Exercise brief: Find the line holding "Endkappen für LED" in the entries below. Give it again exactly, along with every line after it up to and including the line holding "Кабель Apple USB-C".

Data shown:
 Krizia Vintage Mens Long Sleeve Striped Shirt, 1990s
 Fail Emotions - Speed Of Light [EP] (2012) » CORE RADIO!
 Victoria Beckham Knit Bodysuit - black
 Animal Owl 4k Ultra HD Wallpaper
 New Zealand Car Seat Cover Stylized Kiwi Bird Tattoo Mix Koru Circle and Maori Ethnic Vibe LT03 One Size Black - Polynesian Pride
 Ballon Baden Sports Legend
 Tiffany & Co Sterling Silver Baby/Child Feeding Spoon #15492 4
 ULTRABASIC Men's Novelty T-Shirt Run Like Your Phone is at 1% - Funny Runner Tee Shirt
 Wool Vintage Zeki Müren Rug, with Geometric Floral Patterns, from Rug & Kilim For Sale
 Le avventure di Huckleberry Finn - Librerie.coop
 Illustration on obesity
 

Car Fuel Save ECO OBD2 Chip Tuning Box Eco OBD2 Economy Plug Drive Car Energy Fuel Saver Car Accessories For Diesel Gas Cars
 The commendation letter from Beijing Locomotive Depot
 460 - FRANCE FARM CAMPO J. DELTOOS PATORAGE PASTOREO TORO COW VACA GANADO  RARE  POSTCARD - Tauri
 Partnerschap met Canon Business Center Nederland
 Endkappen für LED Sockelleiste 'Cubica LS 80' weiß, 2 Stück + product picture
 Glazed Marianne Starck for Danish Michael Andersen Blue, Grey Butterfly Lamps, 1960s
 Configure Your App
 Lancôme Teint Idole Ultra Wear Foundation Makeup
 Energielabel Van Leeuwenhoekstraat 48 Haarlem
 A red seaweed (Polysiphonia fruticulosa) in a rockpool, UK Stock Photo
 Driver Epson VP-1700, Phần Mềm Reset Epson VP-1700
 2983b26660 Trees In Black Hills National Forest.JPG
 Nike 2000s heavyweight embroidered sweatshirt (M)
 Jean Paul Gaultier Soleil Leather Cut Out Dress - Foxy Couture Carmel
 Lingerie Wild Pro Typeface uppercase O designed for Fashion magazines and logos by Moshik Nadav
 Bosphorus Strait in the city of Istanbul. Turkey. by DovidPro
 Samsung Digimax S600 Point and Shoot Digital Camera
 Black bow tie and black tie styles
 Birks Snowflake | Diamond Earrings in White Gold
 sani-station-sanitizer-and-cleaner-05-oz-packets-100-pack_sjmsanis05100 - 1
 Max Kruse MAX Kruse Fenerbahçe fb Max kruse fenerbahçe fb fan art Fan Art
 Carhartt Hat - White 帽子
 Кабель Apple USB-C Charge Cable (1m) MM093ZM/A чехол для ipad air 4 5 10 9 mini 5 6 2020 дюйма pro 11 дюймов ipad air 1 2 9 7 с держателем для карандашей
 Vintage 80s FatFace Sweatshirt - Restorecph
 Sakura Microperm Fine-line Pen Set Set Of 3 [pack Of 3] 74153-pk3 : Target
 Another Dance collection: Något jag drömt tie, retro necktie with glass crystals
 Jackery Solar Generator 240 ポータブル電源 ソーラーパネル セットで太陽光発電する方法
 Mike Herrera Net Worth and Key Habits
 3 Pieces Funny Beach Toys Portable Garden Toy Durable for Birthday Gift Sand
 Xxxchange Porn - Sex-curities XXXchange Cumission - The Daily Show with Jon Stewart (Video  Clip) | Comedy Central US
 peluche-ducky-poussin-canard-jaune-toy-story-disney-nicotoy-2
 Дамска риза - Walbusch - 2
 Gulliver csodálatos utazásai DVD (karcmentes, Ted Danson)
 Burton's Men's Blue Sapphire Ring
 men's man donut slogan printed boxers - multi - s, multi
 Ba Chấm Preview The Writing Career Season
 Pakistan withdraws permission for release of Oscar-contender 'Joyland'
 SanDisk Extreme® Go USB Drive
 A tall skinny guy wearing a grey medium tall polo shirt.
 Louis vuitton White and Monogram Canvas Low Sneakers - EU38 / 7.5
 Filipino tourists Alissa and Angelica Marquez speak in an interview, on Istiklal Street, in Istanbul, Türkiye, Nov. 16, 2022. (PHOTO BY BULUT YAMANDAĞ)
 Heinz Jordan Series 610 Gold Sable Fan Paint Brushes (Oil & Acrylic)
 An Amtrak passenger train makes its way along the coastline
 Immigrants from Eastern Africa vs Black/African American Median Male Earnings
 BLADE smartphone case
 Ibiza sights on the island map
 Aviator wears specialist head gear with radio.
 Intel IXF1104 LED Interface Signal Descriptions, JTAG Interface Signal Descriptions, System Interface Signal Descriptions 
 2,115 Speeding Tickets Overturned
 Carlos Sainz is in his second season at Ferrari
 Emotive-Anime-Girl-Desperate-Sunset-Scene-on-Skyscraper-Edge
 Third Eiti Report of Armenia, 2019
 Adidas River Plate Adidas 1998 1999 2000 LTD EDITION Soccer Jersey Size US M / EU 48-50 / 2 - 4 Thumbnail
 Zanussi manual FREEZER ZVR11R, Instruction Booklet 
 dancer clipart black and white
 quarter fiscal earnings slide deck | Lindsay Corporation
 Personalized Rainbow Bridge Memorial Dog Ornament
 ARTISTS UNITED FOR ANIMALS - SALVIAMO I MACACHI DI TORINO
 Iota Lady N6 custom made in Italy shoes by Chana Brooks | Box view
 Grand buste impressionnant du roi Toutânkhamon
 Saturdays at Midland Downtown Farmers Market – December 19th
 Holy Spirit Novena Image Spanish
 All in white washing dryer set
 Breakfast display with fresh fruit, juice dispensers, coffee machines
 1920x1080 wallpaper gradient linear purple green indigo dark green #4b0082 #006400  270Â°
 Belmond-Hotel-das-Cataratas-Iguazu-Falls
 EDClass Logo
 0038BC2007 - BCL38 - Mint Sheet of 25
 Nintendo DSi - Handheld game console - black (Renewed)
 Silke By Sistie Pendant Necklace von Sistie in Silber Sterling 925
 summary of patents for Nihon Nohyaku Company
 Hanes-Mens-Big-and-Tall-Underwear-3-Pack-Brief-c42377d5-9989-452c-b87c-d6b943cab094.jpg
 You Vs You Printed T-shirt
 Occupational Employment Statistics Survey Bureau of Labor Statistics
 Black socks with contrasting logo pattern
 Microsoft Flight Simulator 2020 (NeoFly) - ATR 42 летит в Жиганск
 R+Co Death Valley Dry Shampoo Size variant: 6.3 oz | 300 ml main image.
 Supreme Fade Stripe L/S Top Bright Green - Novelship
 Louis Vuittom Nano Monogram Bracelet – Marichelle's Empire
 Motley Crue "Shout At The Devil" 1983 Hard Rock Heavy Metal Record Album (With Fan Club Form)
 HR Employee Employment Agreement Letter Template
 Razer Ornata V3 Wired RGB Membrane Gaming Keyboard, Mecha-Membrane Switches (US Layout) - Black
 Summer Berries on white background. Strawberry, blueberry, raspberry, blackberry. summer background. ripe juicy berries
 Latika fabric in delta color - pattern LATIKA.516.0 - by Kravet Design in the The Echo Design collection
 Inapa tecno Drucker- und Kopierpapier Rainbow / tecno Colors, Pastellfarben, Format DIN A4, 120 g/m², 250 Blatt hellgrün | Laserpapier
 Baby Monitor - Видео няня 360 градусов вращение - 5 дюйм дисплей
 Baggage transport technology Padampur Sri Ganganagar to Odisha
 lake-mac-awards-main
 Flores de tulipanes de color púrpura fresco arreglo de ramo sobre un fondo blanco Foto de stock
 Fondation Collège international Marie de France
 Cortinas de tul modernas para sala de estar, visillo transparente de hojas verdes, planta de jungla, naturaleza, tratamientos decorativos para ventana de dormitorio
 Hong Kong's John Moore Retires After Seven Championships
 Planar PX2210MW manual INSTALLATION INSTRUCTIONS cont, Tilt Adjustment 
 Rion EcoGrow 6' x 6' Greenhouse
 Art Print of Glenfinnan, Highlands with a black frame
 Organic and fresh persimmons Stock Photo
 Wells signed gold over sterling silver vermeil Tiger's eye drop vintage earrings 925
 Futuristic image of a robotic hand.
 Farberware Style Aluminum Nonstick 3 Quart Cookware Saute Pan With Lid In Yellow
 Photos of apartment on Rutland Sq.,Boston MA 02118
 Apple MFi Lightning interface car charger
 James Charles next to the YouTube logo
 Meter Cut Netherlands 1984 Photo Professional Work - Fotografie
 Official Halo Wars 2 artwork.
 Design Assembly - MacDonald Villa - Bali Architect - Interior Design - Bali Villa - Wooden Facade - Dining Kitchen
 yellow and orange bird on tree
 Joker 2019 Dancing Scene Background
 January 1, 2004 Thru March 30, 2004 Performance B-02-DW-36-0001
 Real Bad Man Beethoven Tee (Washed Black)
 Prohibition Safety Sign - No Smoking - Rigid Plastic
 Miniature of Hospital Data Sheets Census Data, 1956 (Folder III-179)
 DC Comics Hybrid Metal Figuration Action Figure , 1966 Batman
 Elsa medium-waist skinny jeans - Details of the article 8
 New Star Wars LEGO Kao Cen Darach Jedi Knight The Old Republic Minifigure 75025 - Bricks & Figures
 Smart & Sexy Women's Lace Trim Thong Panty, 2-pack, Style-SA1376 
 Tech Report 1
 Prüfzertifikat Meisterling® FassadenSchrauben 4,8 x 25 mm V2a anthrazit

Response for this exercise:
 Endkappen für LED Sockelleiste 'Cubica LS 80' weiß, 2 Stück + product picture
 Glazed Marianne Starck for Danish Michael Andersen Blue, Grey Butterfly Lamps, 1960s
 Configure Your App
 Lancôme Teint Idole Ultra Wear Foundation Makeup
 Energielabel Van Leeuwenhoekstraat 48 Haarlem
 A red seaweed (Polysiphonia fruticulosa) in a rockpool, UK Stock Photo
 Driver Epson VP-1700, Phần Mềm Reset Epson VP-1700
 2983b26660 Trees In Black Hills National Forest.JPG
 Nike 2000s heavyweight embroidered sweatshirt (M)
 Jean Paul Gaultier Soleil Leather Cut Out Dress - Foxy Couture Carmel
 Lingerie Wild Pro Typeface uppercase O designed for Fashion magazines and logos by Moshik Nadav
 Bosphorus Strait in the city of Istanbul. Turkey. by DovidPro
 Samsung Digimax S600 Point and Shoot Digital Camera
 Black bow tie and black tie styles
 Birks Snowflake | Diamond Earrings in White Gold
 sani-station-sanitizer-and-cleaner-05-oz-packets-100-pack_sjmsanis05100 - 1
 Max Kruse MAX Kruse Fenerbahçe fb Max kruse fenerbahçe fb fan art Fan Art
 Carhartt Hat - White 帽子
 Кабель Apple USB-C Charge Cable (1m) MM093ZM/A чехол для ipad air 4 5 10 9 mini 5 6 2020 дюйма pro 11 дюймов ipad air 1 2 9 7 с держателем для карандашей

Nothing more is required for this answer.